Provided information below:

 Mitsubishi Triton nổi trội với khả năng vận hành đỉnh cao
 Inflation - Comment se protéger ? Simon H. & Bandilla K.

End of Provided information.
Provided information below:

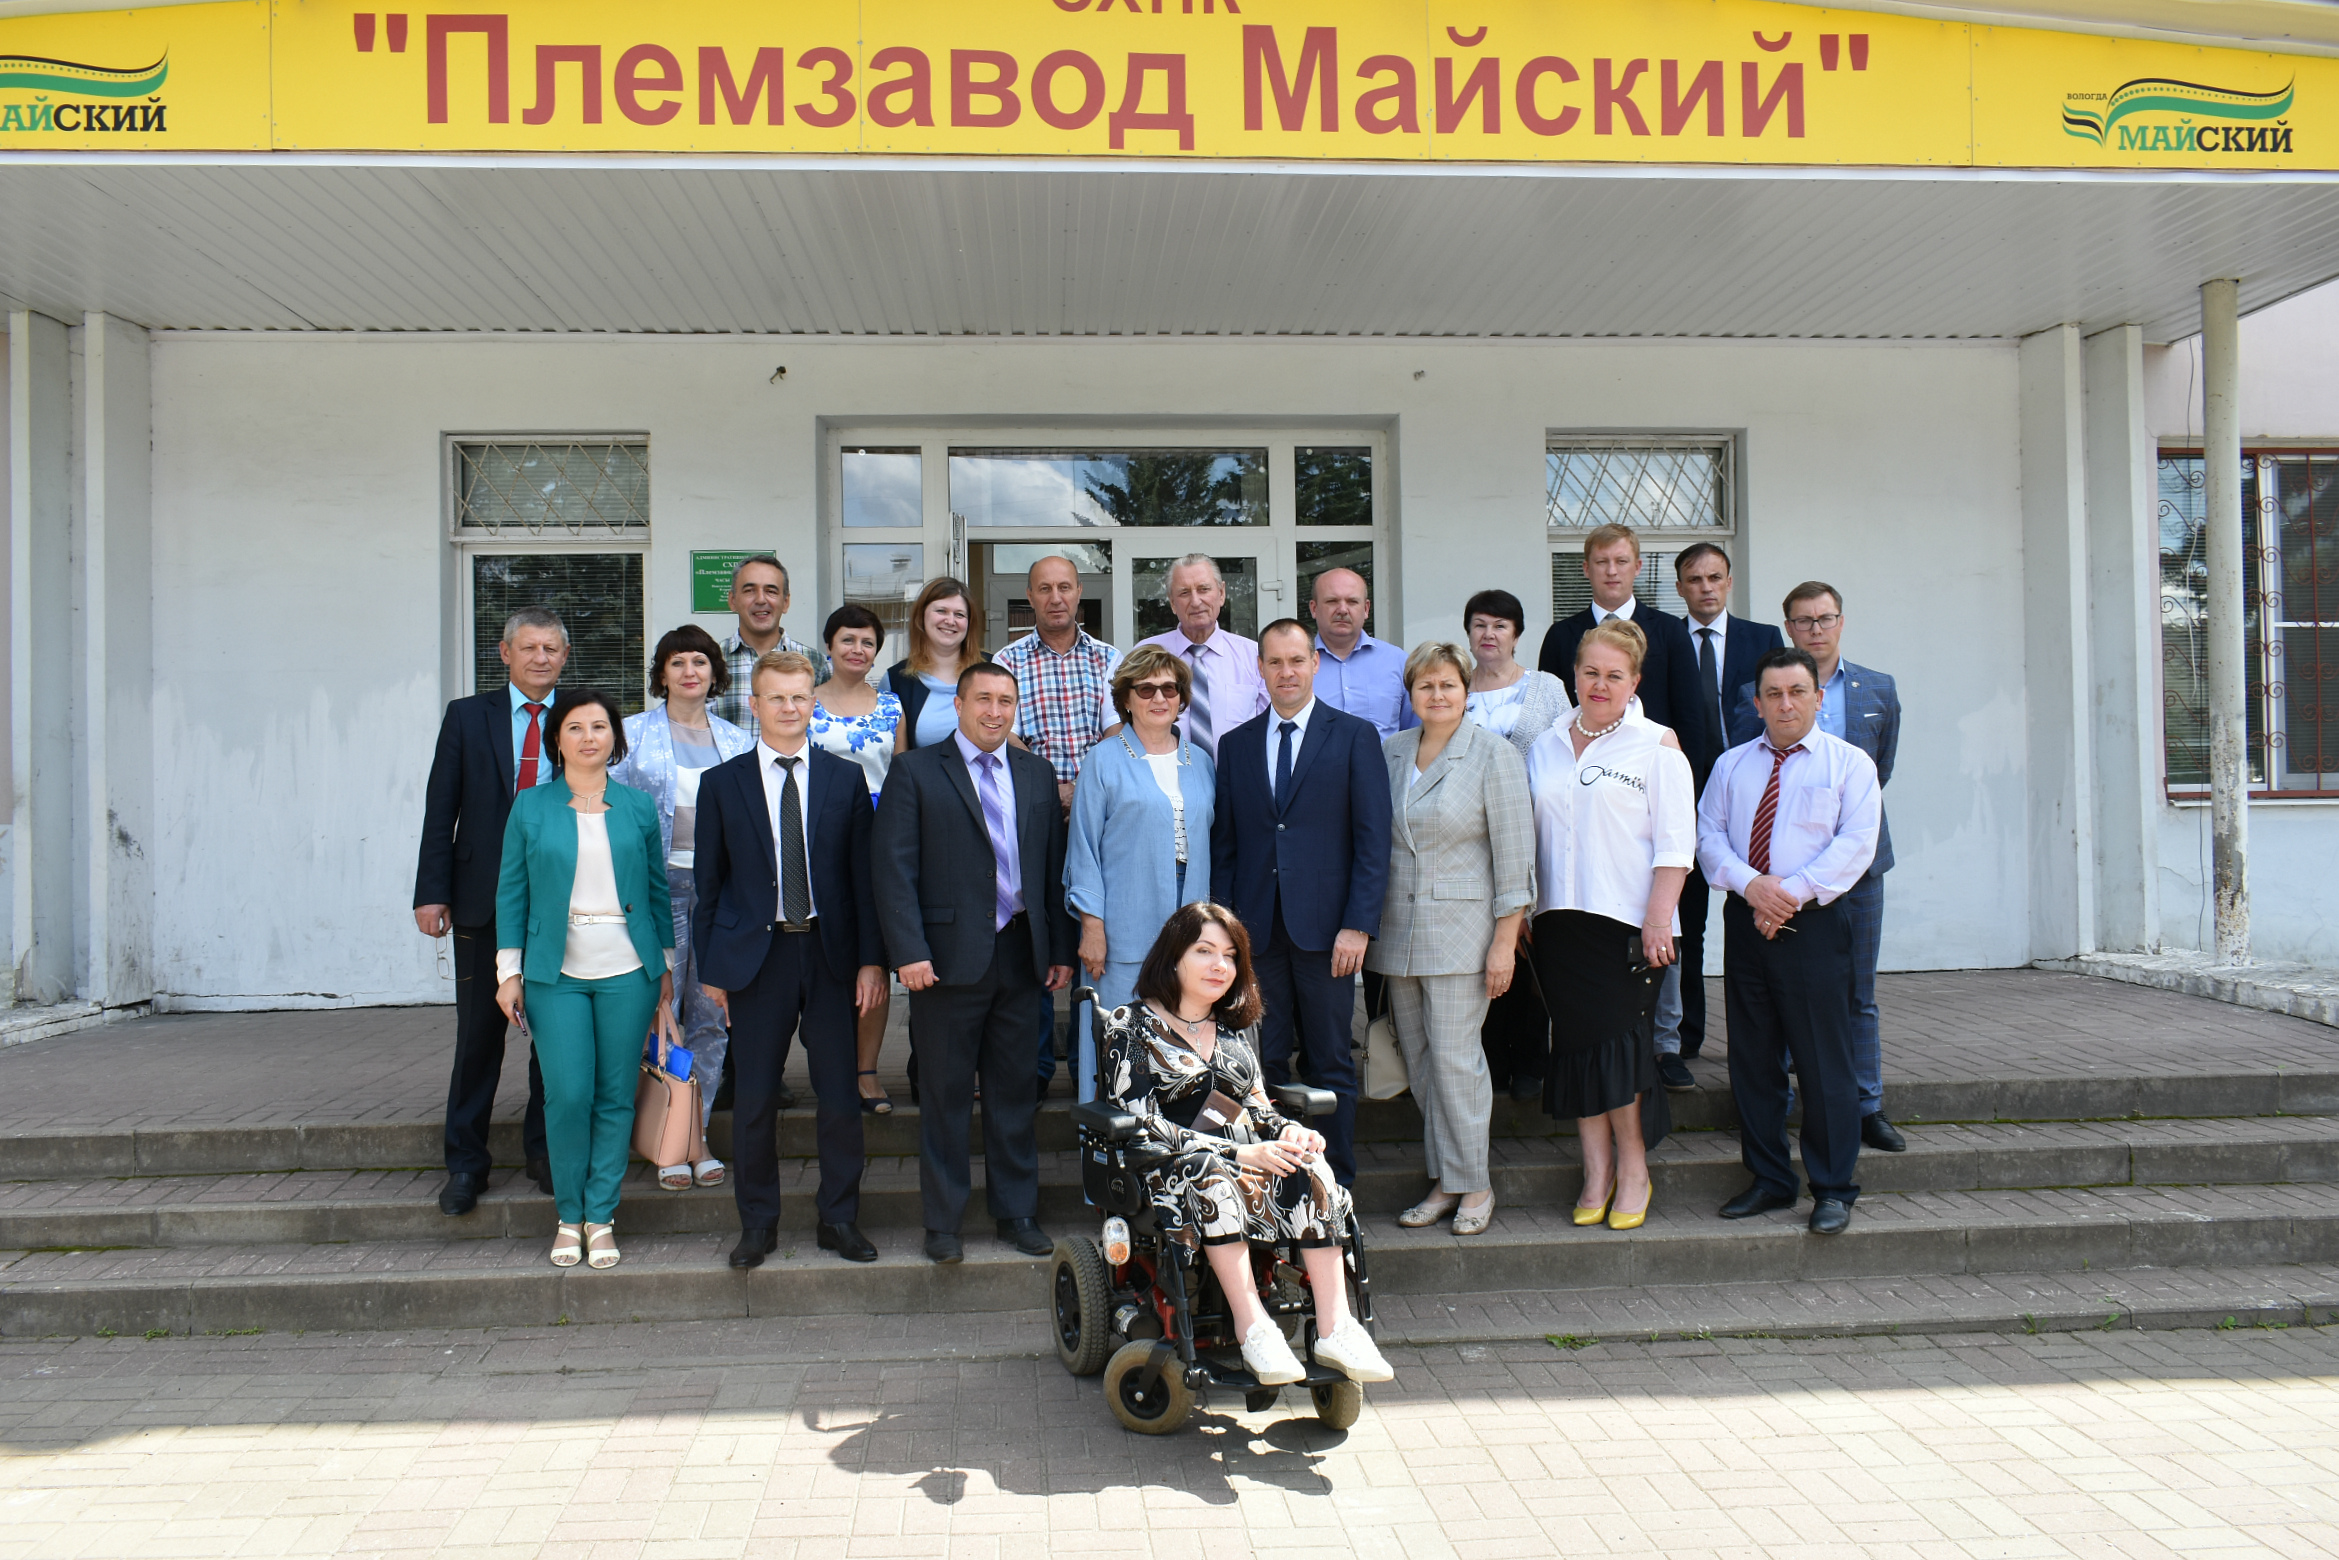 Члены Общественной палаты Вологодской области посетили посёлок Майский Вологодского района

End of Provided information.
Provided information below:

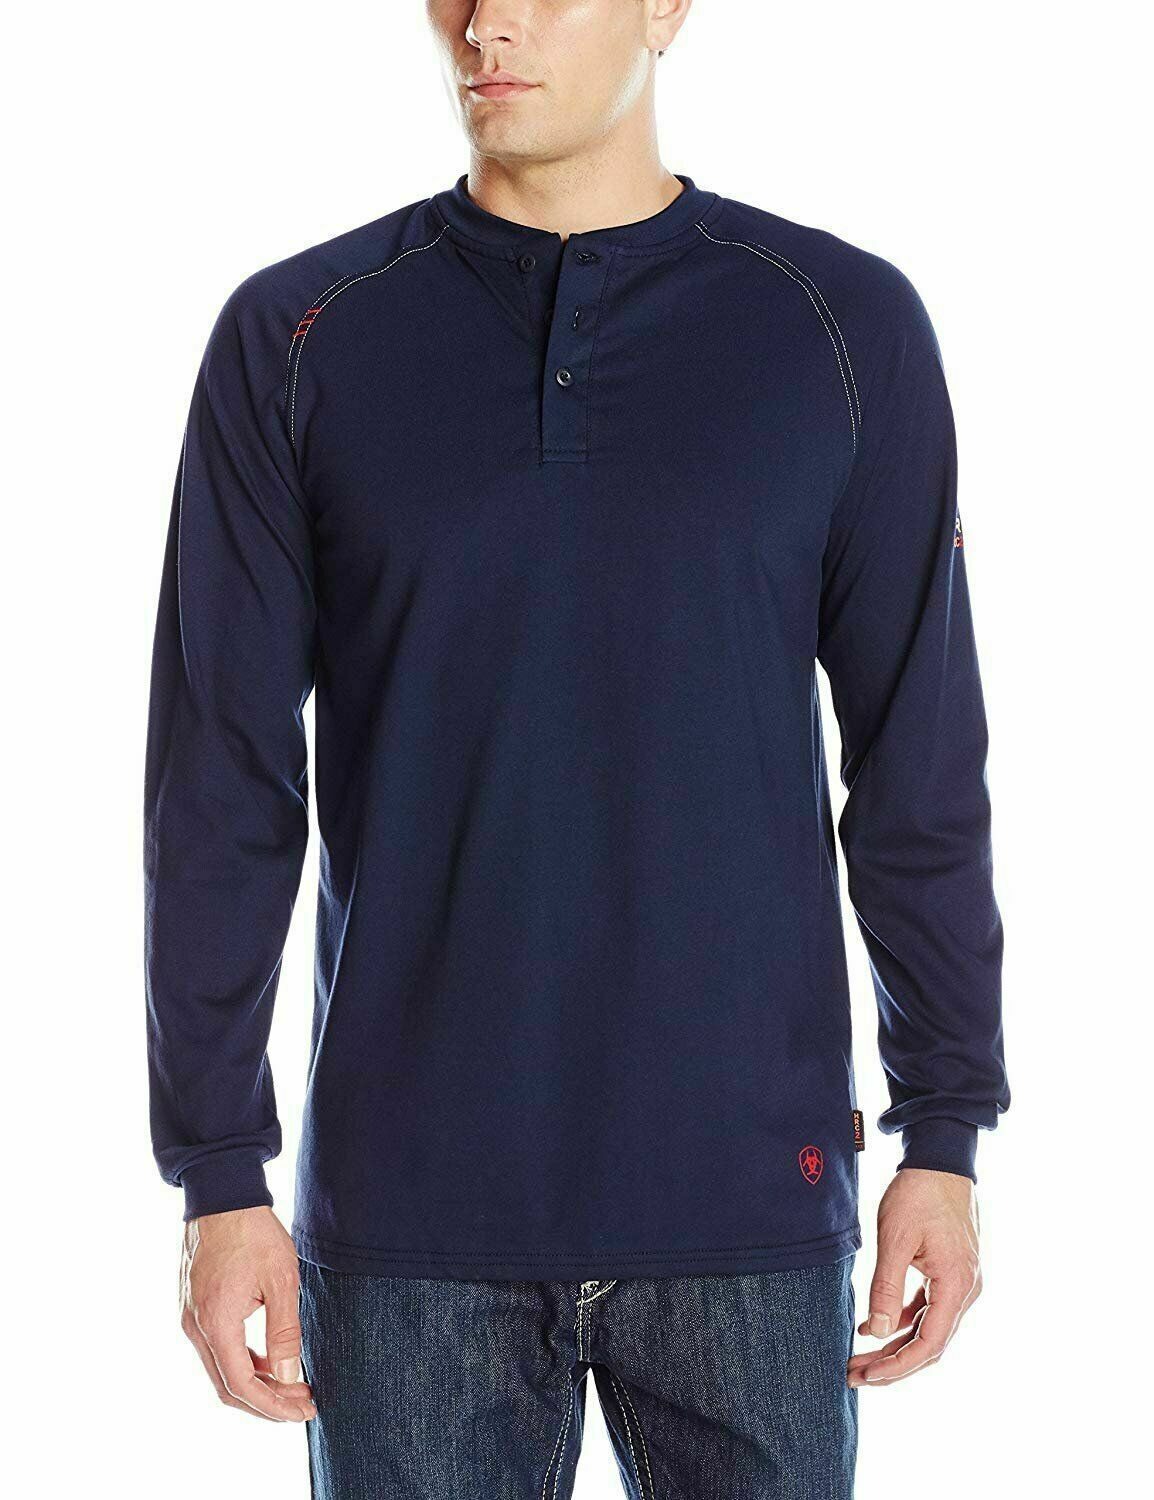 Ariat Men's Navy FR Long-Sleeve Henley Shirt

End of Provided information.

▸ **Your objective**
Your task is to transcribe, with no changes, only the lines of the listing above that lie between the line holding "Mitsubishi Triton nổi" and the line holding "Inflation - Comment", inclusive.

▸ **Task solution**
 Mitsubishi Triton nổi trội với khả năng vận hành đỉnh cao
 Inflation - Comment se protéger ? Simon H. & Bandilla K.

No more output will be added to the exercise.